= Records to process =
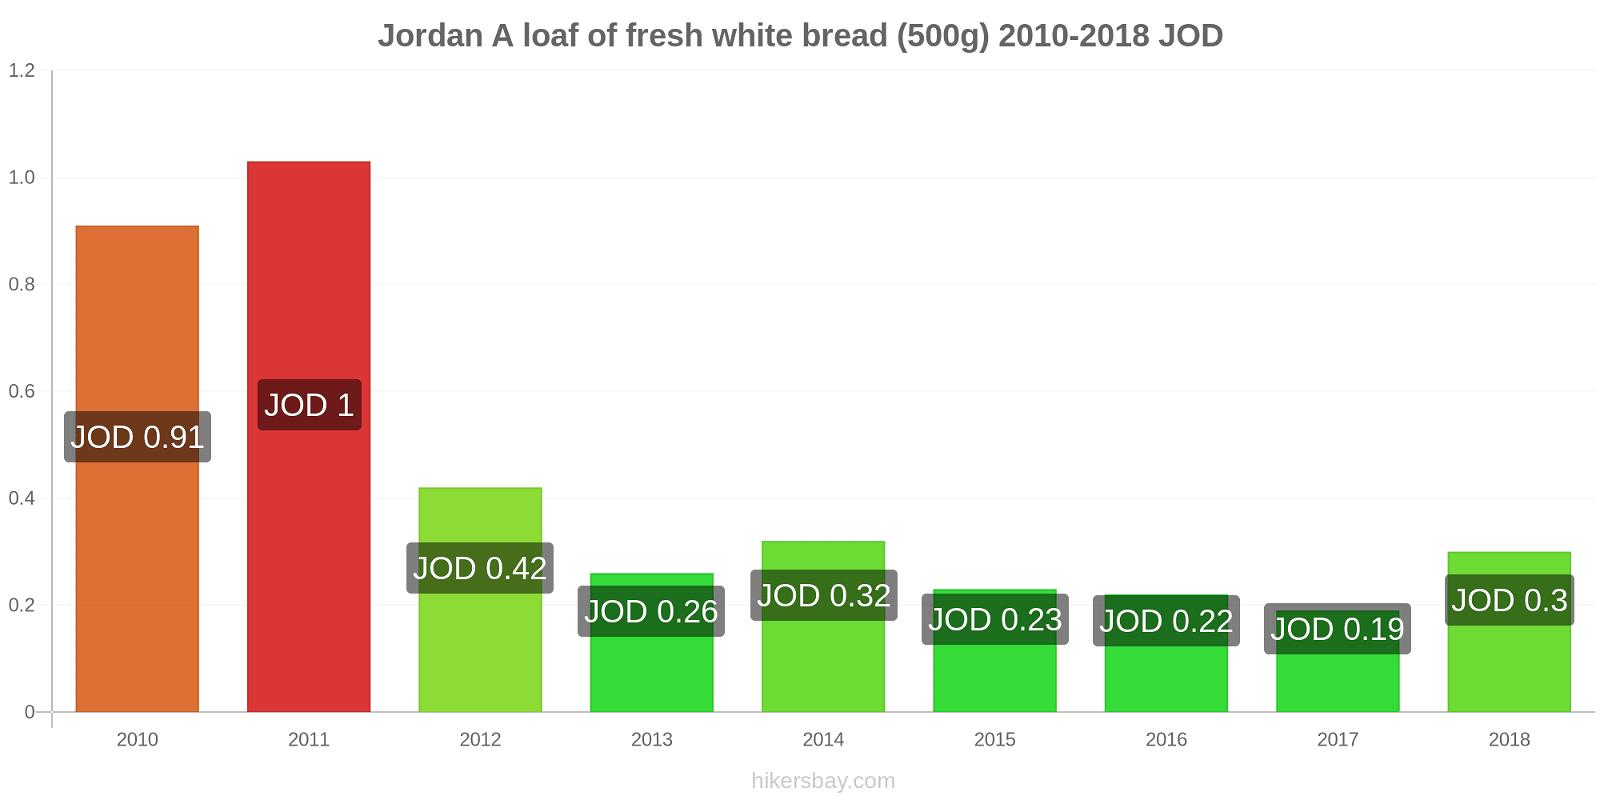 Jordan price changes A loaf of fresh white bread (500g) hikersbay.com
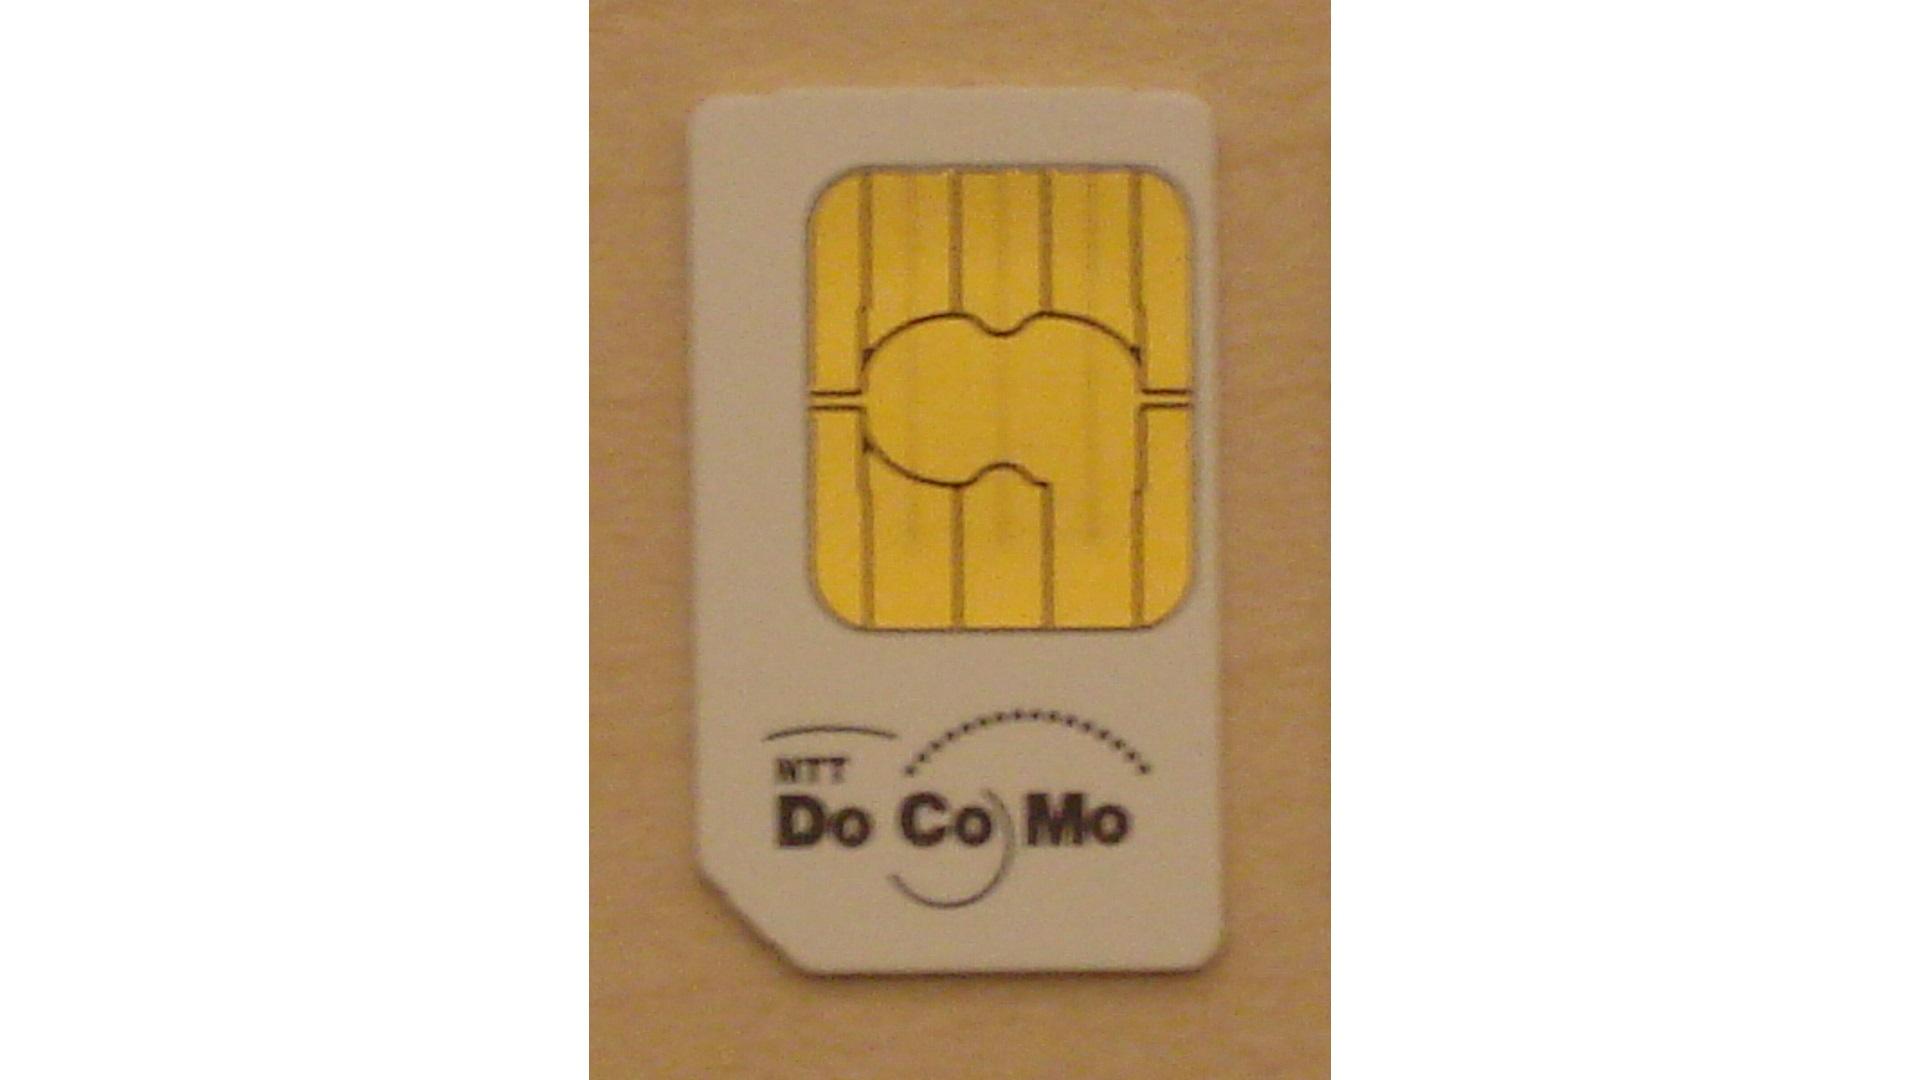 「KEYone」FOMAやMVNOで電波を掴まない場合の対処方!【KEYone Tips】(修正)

--

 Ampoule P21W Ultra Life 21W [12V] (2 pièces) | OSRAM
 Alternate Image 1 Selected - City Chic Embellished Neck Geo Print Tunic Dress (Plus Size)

= Exercise requirements =
Write out only the lines that run from the line containing "Ampoule P21W Ultra" through the line containing "Alternate Image 1", both included, exactly as they appear above.

= Exercise solution =
 Ampoule P21W Ultra Life 21W [12V] (2 pièces) | OSRAM
 Alternate Image 1 Selected - City Chic Embellished Neck Geo Print Tunic Dress (Plus Size)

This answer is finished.